- _Input data_
>>>

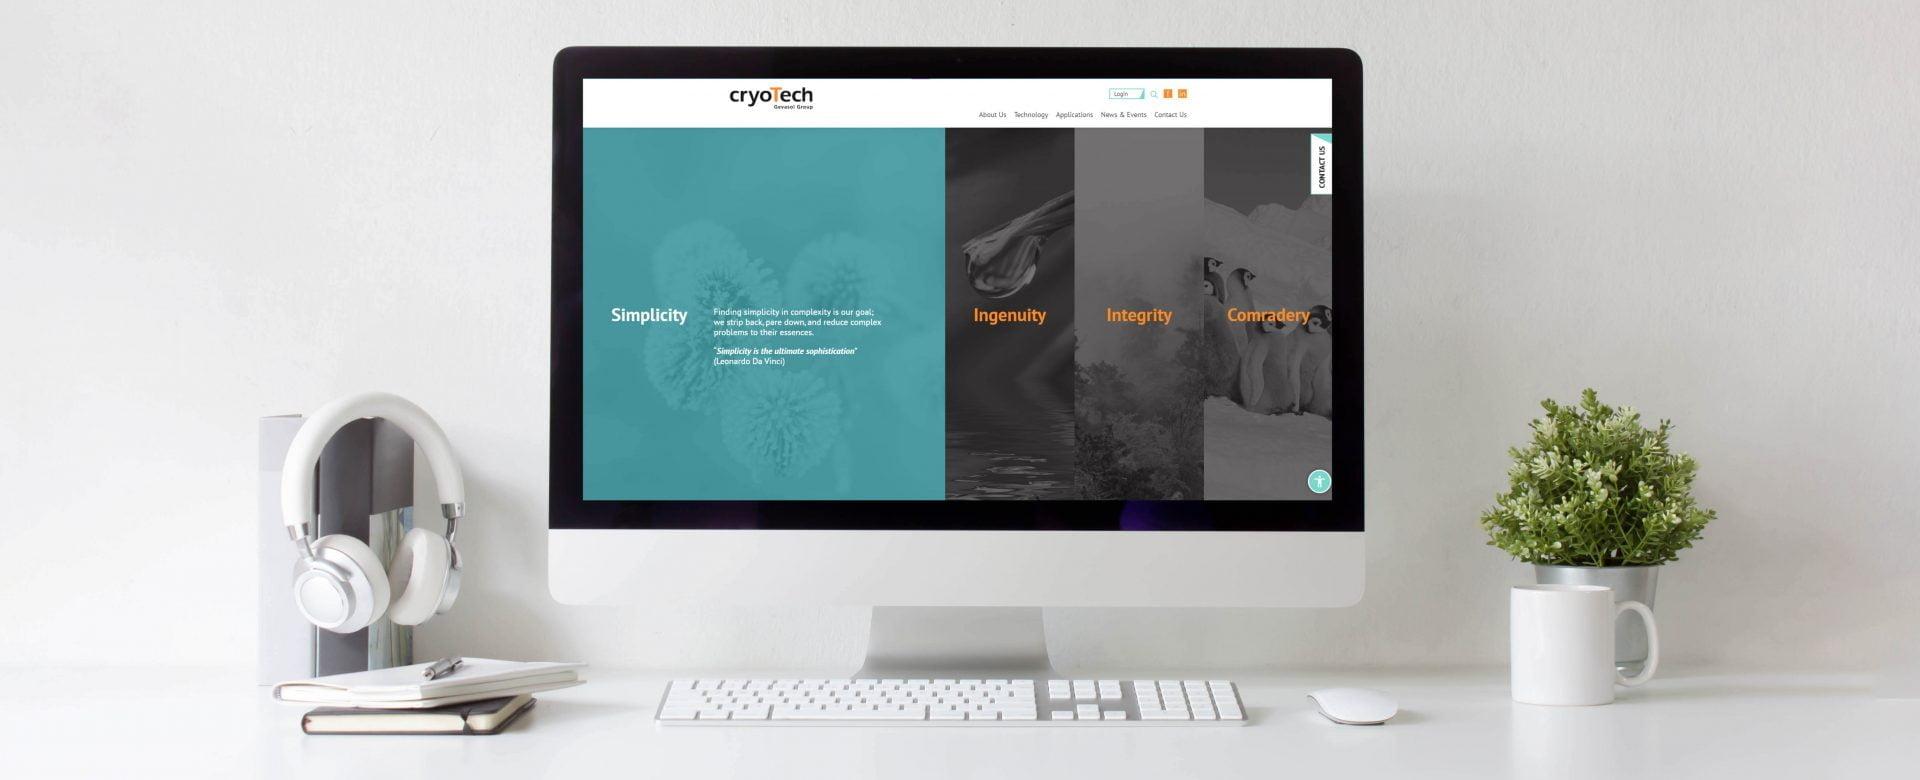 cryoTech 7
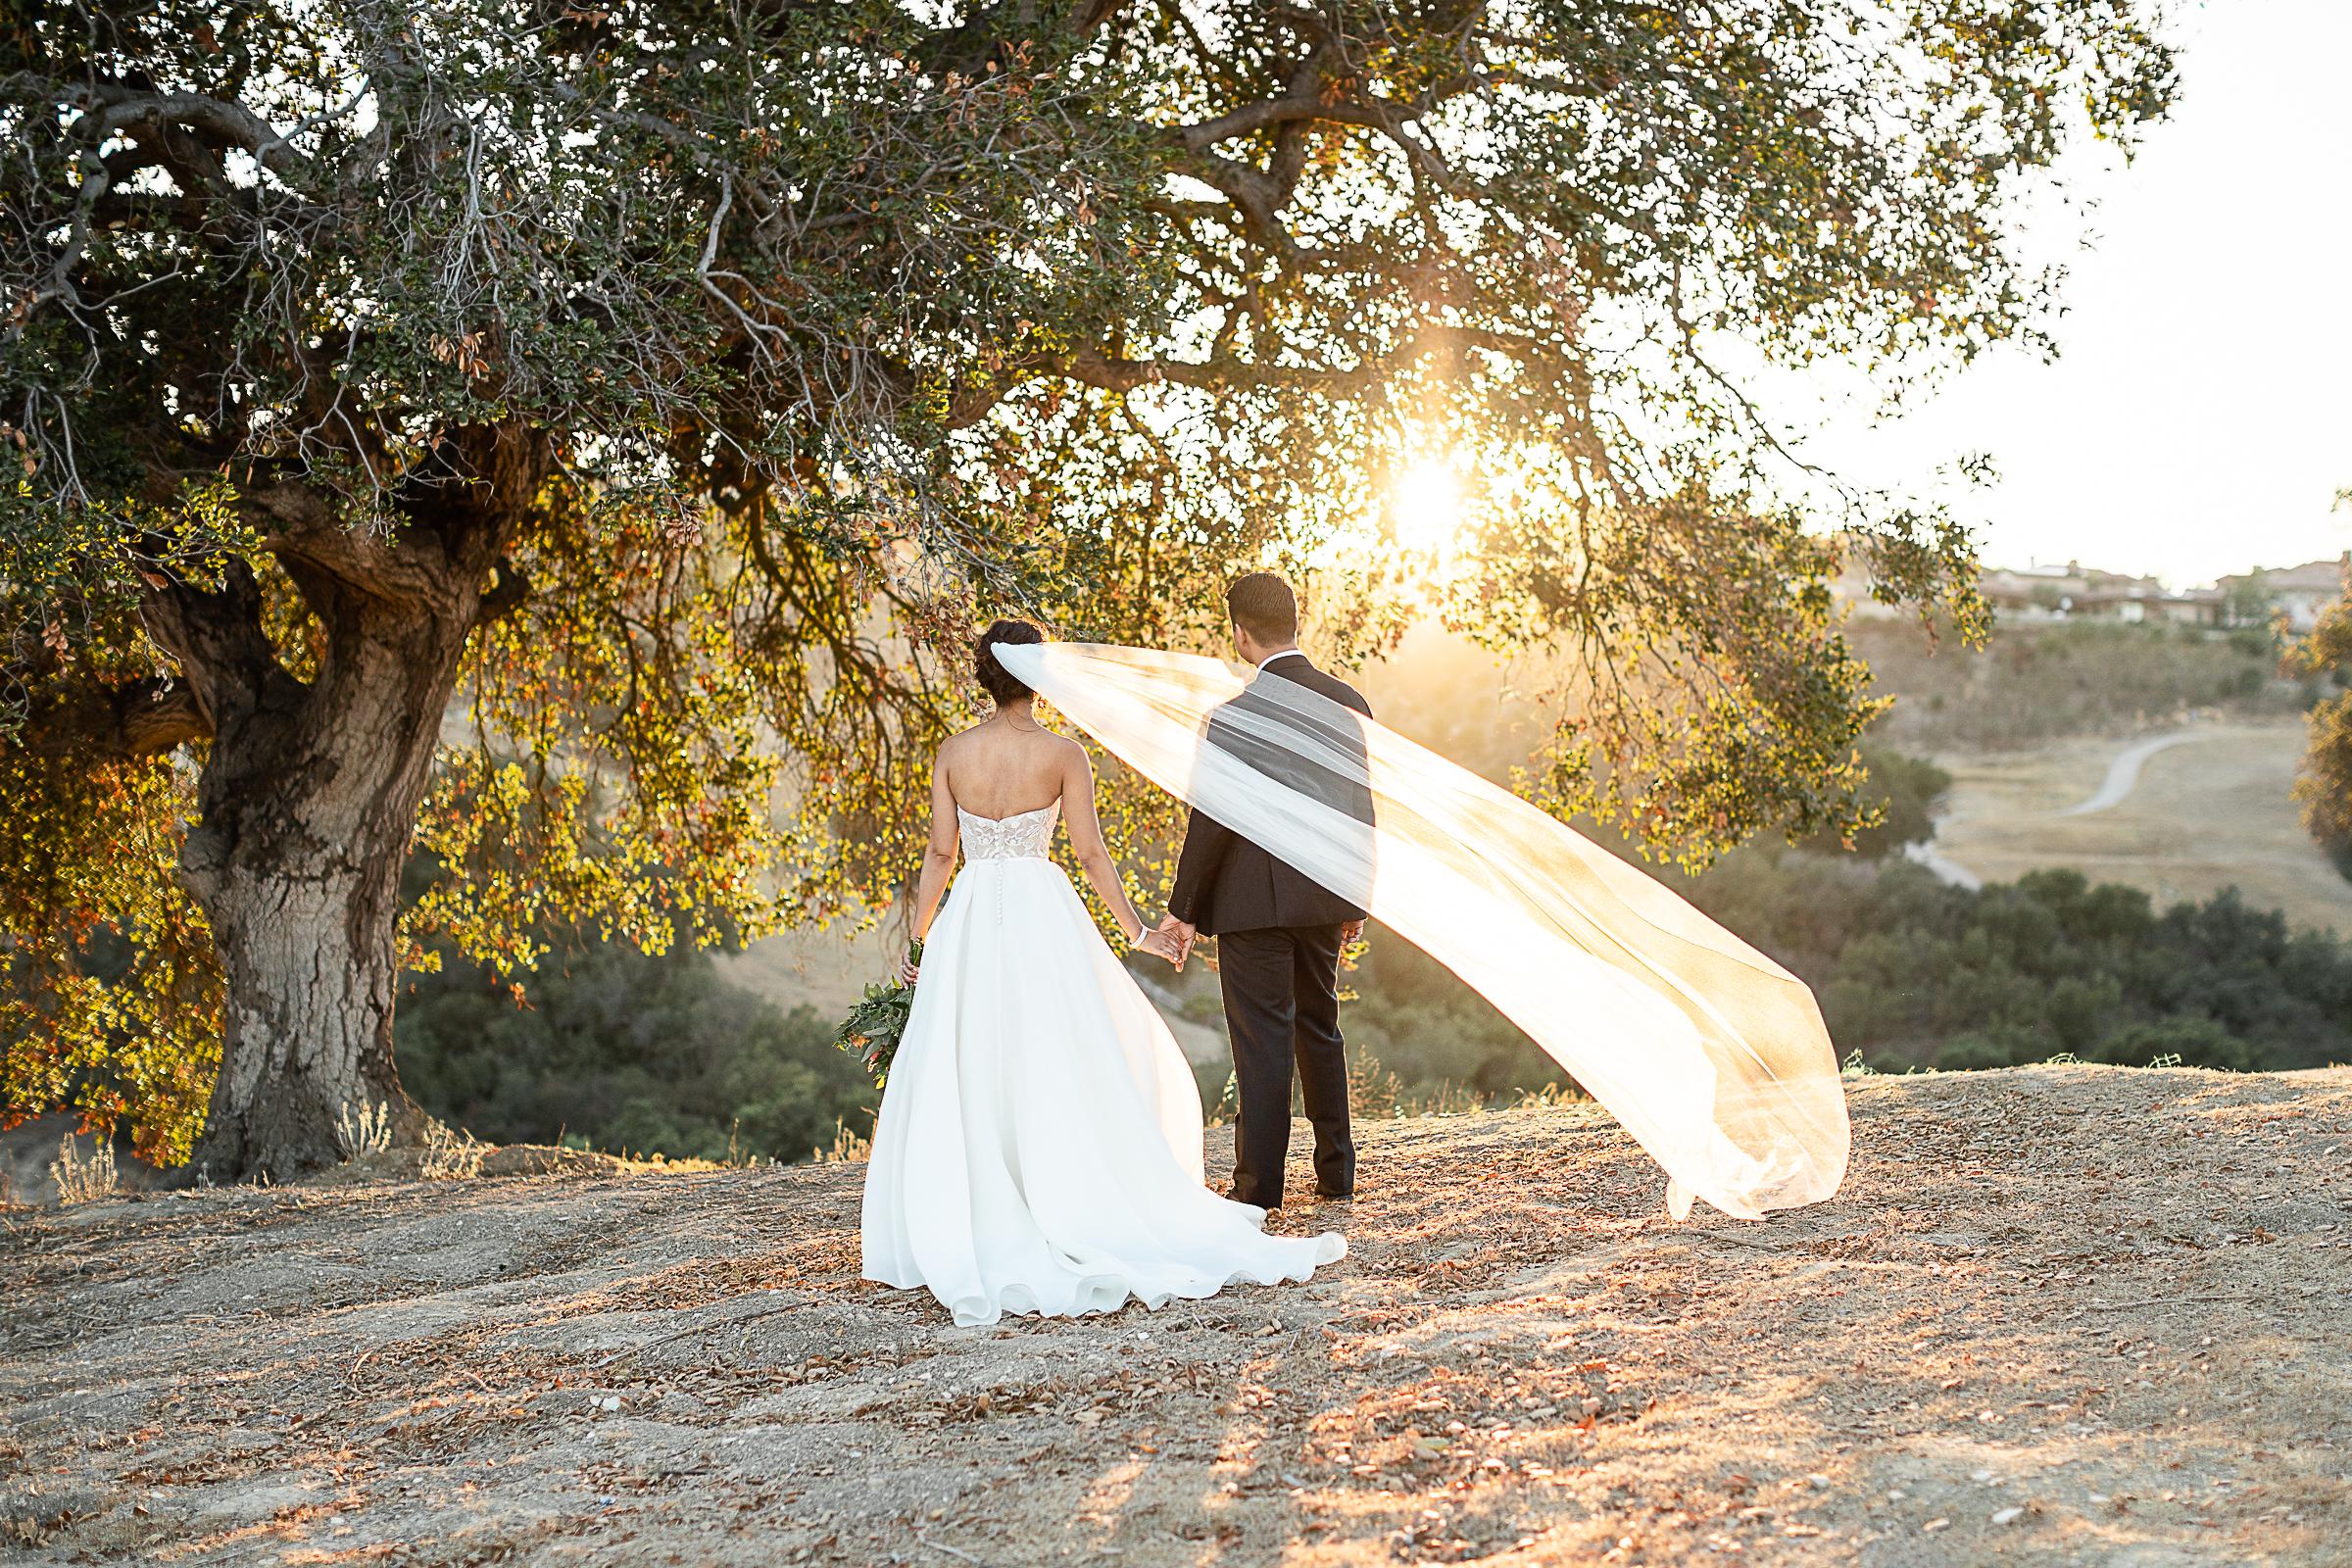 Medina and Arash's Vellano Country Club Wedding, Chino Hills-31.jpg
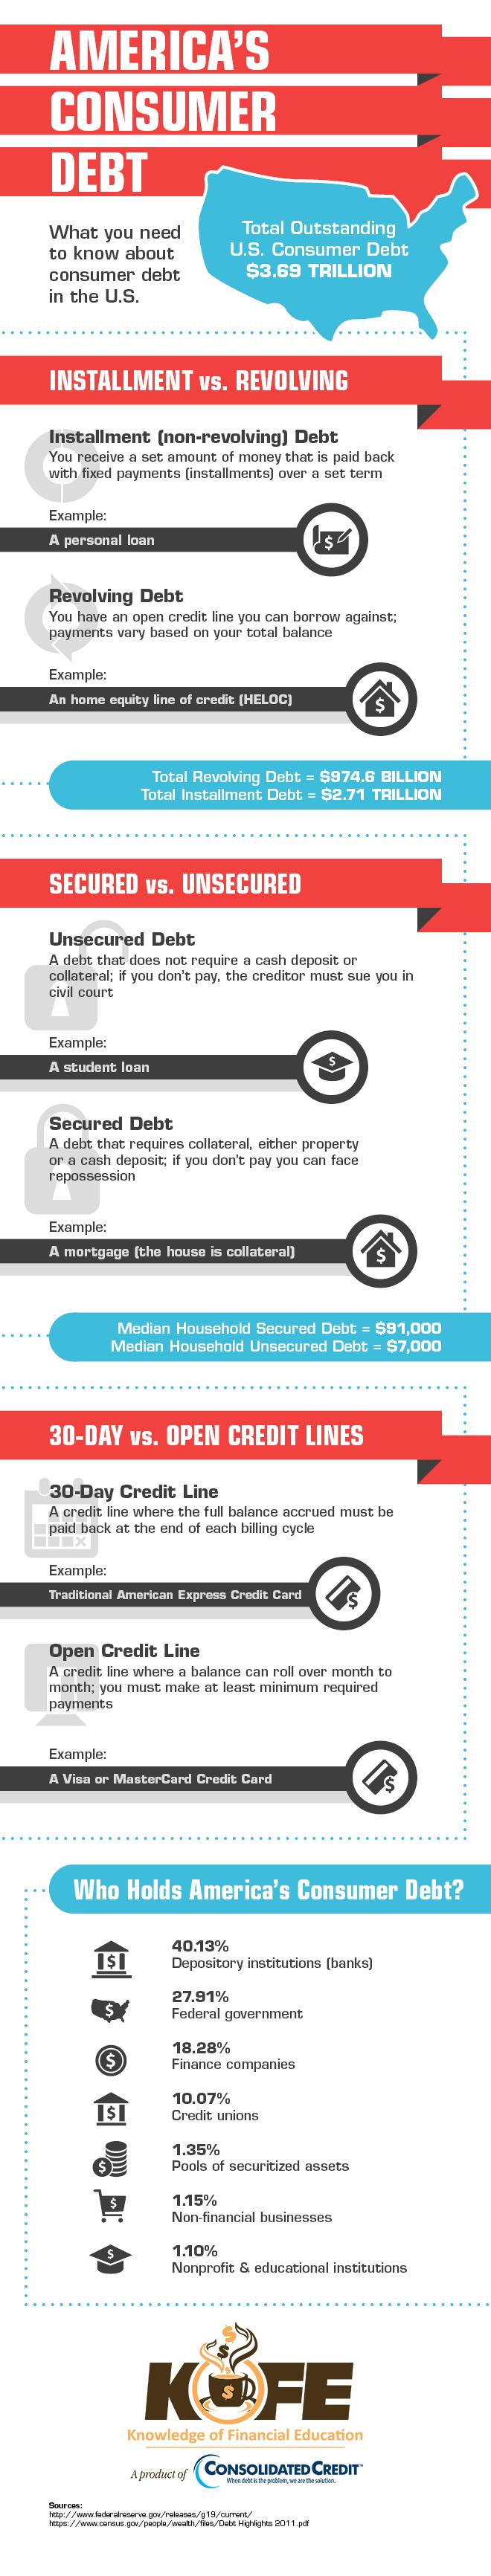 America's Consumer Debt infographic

<<<

- _Work to complete_
Transcribe the material exactly, and leave out whatever pictures it holds.

- _Response_
 cryoTech 7
 Medina and Arash's Vellano Country Club Wedding, Chino Hills-31.jpg
 America's Consumer Debt infographic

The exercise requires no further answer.